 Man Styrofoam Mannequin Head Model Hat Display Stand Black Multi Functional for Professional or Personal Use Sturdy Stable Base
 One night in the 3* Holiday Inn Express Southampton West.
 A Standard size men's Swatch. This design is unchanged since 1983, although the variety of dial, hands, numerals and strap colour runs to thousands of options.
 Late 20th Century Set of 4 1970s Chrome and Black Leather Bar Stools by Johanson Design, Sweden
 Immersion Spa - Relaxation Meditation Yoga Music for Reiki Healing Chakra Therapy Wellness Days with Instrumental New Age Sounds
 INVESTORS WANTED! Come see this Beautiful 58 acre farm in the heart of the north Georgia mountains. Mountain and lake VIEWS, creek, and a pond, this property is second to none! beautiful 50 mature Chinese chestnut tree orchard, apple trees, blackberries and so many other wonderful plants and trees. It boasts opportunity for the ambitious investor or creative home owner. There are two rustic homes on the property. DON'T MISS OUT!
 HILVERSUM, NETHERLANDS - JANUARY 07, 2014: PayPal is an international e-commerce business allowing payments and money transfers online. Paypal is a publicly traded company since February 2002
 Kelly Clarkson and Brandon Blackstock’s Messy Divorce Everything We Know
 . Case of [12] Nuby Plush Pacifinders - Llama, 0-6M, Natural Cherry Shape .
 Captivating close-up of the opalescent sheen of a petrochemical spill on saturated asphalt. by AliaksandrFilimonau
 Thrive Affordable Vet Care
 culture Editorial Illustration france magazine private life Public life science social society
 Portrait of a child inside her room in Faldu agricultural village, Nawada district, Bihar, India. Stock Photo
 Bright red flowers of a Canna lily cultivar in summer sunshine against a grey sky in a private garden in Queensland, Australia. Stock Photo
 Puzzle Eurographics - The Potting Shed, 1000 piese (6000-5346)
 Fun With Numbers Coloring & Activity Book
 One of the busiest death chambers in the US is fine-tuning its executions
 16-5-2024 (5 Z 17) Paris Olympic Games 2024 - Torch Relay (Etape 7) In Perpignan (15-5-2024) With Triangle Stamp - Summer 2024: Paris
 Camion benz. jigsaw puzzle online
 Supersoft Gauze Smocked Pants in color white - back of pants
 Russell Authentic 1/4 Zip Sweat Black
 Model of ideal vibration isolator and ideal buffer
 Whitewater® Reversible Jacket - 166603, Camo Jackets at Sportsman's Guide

*-*-*

WORK REQUIRED: Quote exactly the opening line of the material above and every line after it, up to and including the line that contains "One of the busiest".

ANSWER TO THIS EXERCISE:
 Man Styrofoam Mannequin Head Model Hat Display Stand Black Multi Functional for Professional or Personal Use Sturdy Stable Base
 One night in the 3* Holiday Inn Express Southampton West.
 A Standard size men's Swatch. This design is unchanged since 1983, although the variety of dial, hands, numerals and strap colour runs to thousands of options.
 Late 20th Century Set of 4 1970s Chrome and Black Leather Bar Stools by Johanson Design, Sweden
 Immersion Spa - Relaxation Meditation Yoga Music for Reiki Healing Chakra Therapy Wellness Days with Instrumental New Age Sounds
 INVESTORS WANTED! Come see this Beautiful 58 acre farm in the heart of the north Georgia mountains. Mountain and lake VIEWS, creek, and a pond, this property is second to none! beautiful 50 mature Chinese chestnut tree orchard, apple trees, blackberries and so many other wonderful plants and trees. It boasts opportunity for the ambitious investor or creative home owner. There are two rustic homes on the property. DON'T MISS OUT!
 HILVERSUM, NETHERLANDS - JANUARY 07, 2014: PayPal is an international e-commerce business allowing payments and money transfers online. Paypal is a publicly traded company since February 2002
 Kelly Clarkson and Brandon Blackstock’s Messy Divorce Everything We Know
 . Case of [12] Nuby Plush Pacifinders - Llama, 0-6M, Natural Cherry Shape .
 Captivating close-up of the opalescent sheen of a petrochemical spill on saturated asphalt. by AliaksandrFilimonau
 Thrive Affordable Vet Care
 culture Editorial Illustration france magazine private life Public life science social society
 Portrait of a child inside her room in Faldu agricultural village, Nawada district, Bihar, India. Stock Photo
 Bright red flowers of a Canna lily cultivar in summer sunshine against a grey sky in a private garden in Queensland, Australia. Stock Photo
 Puzzle Eurographics - The Potting Shed, 1000 piese (6000-5346)
 Fun With Numbers Coloring & Activity Book
 One of the busiest death chambers in the US is fine-tuning its executions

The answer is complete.